Assigned task: Your answer must be an exact copy of the listing that follows, with all pictures omitted.

Dataset excerpt:
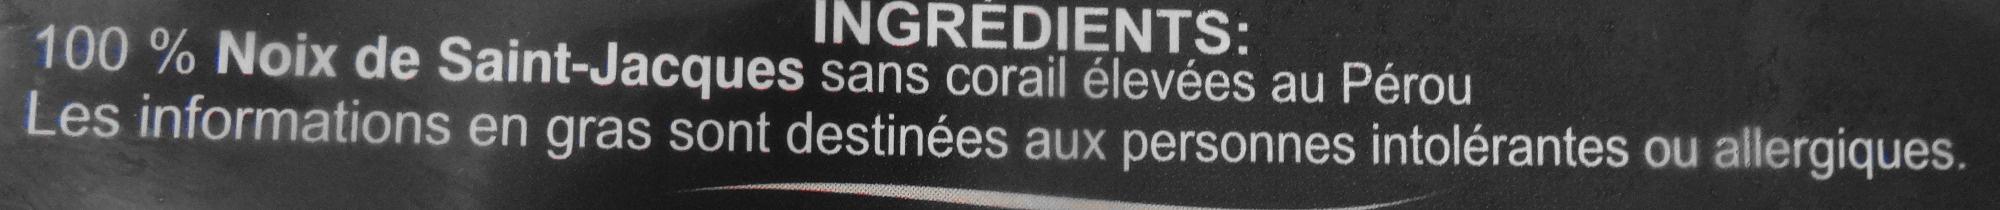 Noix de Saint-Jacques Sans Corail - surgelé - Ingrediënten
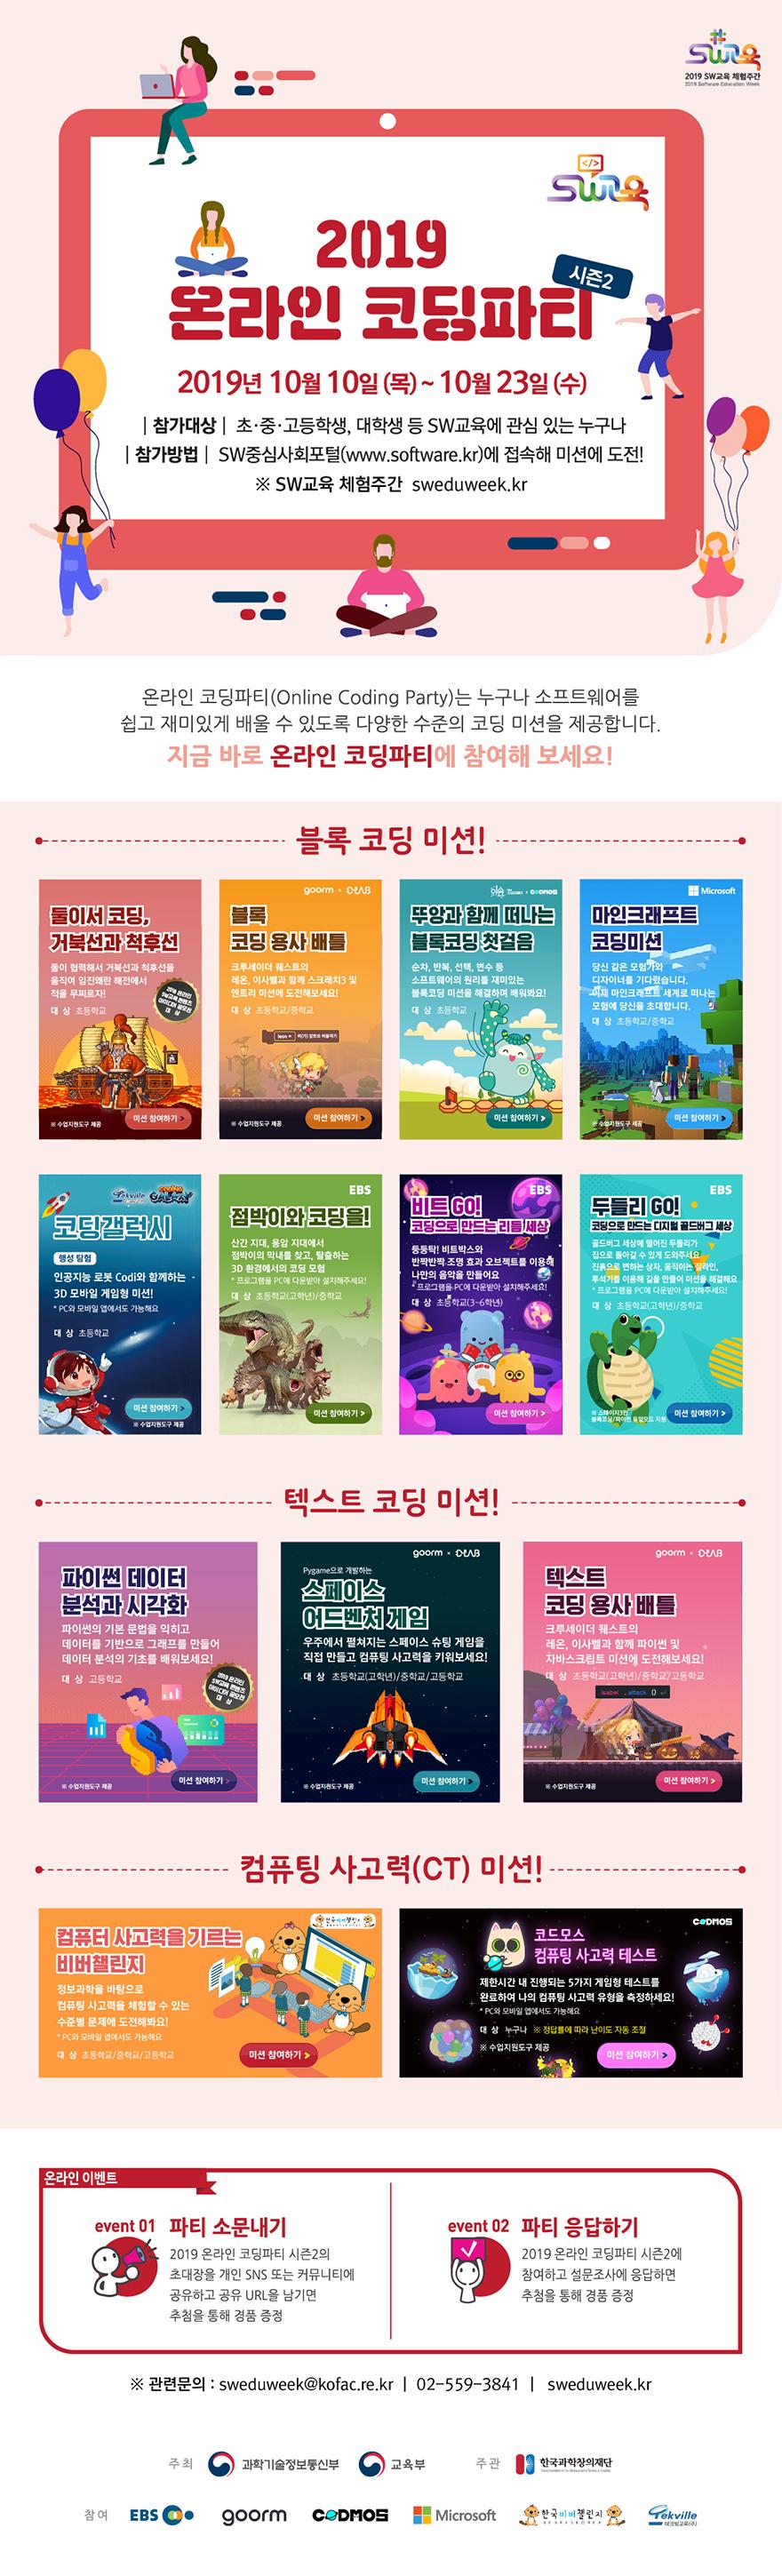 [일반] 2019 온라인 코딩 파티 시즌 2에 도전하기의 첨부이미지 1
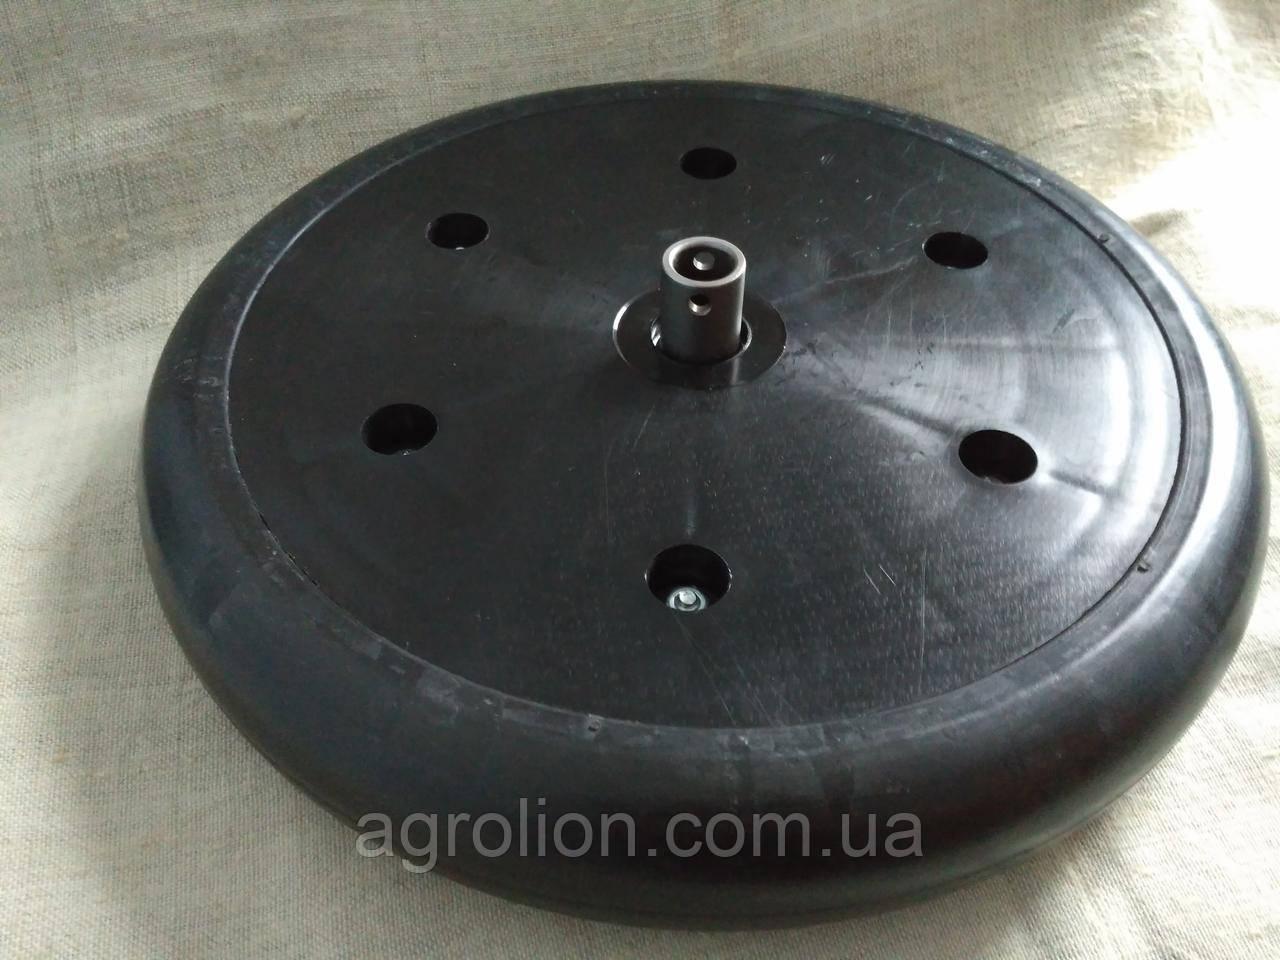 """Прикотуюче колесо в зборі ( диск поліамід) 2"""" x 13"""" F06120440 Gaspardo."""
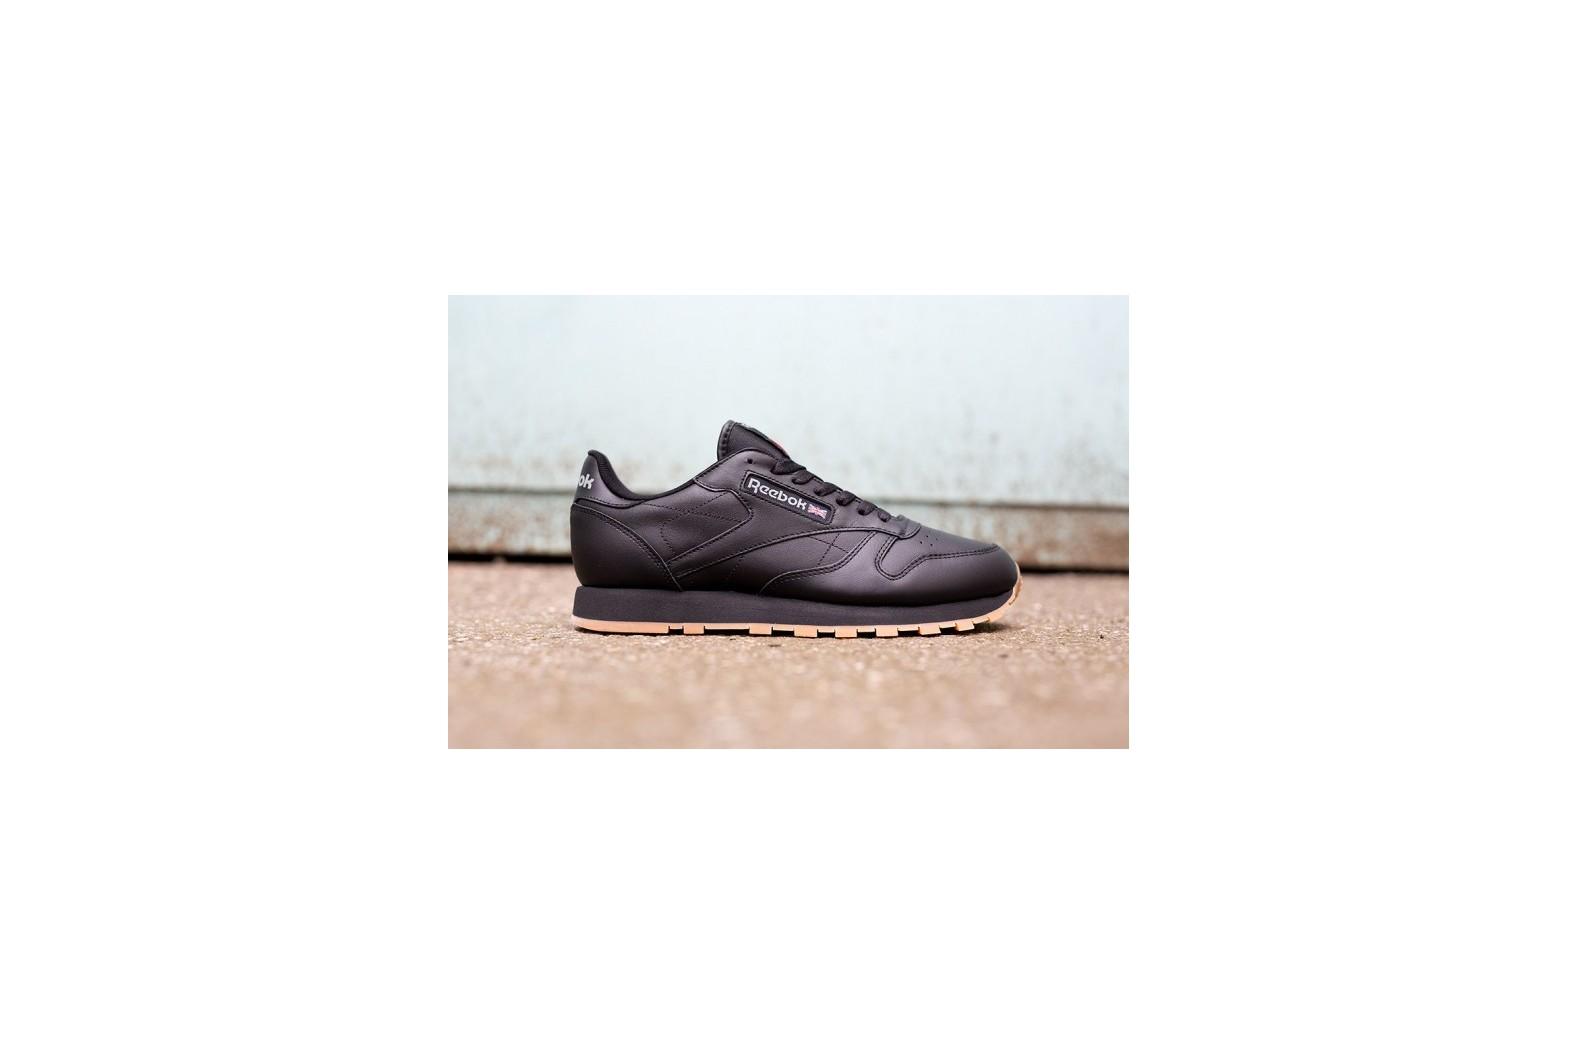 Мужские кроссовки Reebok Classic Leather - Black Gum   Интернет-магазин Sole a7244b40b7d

Your solution:
 Noix de Saint-Jacques Sans Corail - surgelé - Ingrediënten
 [일반] 2019 온라인 코딩 파티 시즌 2에 도전하기의 첨부이미지 1
 """Прикотуюче колесо в зборі ( диск поліамід) 2"""" x 13"""" F06120440 Gaspardo."""
 Мужские кроссовки Reebok Classic Leather - Black Gum   Интернет-магазин Sole a7244b40b7d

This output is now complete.